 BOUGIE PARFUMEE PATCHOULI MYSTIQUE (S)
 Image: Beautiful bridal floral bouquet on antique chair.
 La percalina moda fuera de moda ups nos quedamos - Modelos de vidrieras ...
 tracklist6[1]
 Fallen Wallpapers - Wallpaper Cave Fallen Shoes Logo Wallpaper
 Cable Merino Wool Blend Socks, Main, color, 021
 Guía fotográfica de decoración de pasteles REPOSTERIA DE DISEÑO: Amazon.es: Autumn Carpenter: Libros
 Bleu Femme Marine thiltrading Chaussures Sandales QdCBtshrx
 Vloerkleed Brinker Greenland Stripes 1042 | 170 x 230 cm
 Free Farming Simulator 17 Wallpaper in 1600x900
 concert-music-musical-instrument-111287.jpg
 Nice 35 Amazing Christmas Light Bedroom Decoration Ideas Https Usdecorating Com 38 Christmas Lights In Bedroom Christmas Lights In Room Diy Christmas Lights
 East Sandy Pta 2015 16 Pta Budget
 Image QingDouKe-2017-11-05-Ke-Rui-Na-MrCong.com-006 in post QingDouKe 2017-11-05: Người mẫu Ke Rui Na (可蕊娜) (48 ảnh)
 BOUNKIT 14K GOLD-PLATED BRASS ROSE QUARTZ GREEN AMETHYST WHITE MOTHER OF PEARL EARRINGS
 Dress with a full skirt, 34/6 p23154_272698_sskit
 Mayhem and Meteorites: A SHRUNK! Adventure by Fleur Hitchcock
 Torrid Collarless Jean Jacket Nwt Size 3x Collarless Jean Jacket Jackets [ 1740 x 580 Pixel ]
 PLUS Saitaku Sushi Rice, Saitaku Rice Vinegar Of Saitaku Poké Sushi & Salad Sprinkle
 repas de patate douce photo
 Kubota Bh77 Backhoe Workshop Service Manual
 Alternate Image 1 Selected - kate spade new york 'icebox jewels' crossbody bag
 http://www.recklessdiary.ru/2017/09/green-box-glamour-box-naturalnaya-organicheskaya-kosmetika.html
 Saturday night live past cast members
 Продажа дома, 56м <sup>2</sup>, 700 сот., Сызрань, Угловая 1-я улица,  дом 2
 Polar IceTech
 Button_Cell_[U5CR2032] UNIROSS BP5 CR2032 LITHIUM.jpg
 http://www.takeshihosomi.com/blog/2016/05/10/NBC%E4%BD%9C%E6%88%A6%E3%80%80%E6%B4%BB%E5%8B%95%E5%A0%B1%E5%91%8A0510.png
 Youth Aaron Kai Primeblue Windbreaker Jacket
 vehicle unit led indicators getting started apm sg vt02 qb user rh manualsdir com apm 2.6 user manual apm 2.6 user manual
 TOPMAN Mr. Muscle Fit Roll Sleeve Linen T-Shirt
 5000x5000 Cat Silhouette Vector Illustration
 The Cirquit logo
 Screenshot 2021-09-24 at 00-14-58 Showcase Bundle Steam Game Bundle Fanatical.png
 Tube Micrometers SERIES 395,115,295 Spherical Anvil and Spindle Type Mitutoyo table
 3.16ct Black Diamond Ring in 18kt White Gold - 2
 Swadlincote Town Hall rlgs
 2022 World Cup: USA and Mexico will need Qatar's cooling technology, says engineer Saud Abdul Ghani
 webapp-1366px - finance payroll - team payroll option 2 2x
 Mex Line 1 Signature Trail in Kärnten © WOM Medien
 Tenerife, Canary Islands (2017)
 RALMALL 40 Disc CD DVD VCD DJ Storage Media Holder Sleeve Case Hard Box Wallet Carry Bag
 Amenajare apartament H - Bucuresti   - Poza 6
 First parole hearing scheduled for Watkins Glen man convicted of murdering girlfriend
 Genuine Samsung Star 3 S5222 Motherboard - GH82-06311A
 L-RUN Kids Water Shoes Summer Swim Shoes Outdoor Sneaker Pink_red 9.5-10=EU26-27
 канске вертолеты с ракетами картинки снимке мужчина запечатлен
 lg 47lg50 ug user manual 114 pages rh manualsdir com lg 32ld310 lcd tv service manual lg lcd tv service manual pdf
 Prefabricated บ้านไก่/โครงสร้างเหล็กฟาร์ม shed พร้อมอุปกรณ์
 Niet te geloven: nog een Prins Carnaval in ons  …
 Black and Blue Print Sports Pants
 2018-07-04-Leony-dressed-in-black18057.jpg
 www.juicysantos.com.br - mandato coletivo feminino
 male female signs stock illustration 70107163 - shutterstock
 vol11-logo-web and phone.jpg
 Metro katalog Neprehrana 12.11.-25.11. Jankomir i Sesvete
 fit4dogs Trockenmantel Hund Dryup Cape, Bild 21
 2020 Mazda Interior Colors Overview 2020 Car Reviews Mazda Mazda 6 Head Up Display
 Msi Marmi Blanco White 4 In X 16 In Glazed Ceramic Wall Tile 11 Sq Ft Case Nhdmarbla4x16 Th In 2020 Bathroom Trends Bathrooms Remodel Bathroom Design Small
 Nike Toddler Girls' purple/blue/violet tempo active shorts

_Your assignment_
Which lines above run from the one containing "Polar IceTech" to the one containing "Black and Blue Print Sports Pants"? Give them again exactly, both ends included.

_Your response_
 Polar IceTech
 Button_Cell_[U5CR2032] UNIROSS BP5 CR2032 LITHIUM.jpg
 http://www.takeshihosomi.com/blog/2016/05/10/NBC%E4%BD%9C%E6%88%A6%E3%80%80%E6%B4%BB%E5%8B%95%E5%A0%B1%E5%91%8A0510.png
 Youth Aaron Kai Primeblue Windbreaker Jacket
 vehicle unit led indicators getting started apm sg vt02 qb user rh manualsdir com apm 2.6 user manual apm 2.6 user manual
 TOPMAN Mr. Muscle Fit Roll Sleeve Linen T-Shirt
 5000x5000 Cat Silhouette Vector Illustration
 The Cirquit logo
 Screenshot 2021-09-24 at 00-14-58 Showcase Bundle Steam Game Bundle Fanatical.png
 Tube Micrometers SERIES 395,115,295 Spherical Anvil and Spindle Type Mitutoyo table
 3.16ct Black Diamond Ring in 18kt White Gold - 2
 Swadlincote Town Hall rlgs
 2022 World Cup: USA and Mexico will need Qatar's cooling technology, says engineer Saud Abdul Ghani
 webapp-1366px - finance payroll - team payroll option 2 2x
 Mex Line 1 Signature Trail in Kärnten © WOM Medien
 Tenerife, Canary Islands (2017)
 RALMALL 40 Disc CD DVD VCD DJ Storage Media Holder Sleeve Case Hard Box Wallet Carry Bag
 Amenajare apartament H - Bucuresti   - Poza 6
 First parole hearing scheduled for Watkins Glen man convicted of murdering girlfriend
 Genuine Samsung Star 3 S5222 Motherboard - GH82-06311A
 L-RUN Kids Water Shoes Summer Swim Shoes Outdoor Sneaker Pink_red 9.5-10=EU26-27
 канске вертолеты с ракетами картинки снимке мужчина запечатлен
 lg 47lg50 ug user manual 114 pages rh manualsdir com lg 32ld310 lcd tv service manual lg lcd tv service manual pdf
 Prefabricated บ้านไก่/โครงสร้างเหล็กฟาร์ม shed พร้อมอุปกรณ์
 Niet te geloven: nog een Prins Carnaval in ons  …
 Black and Blue Print Sports Pants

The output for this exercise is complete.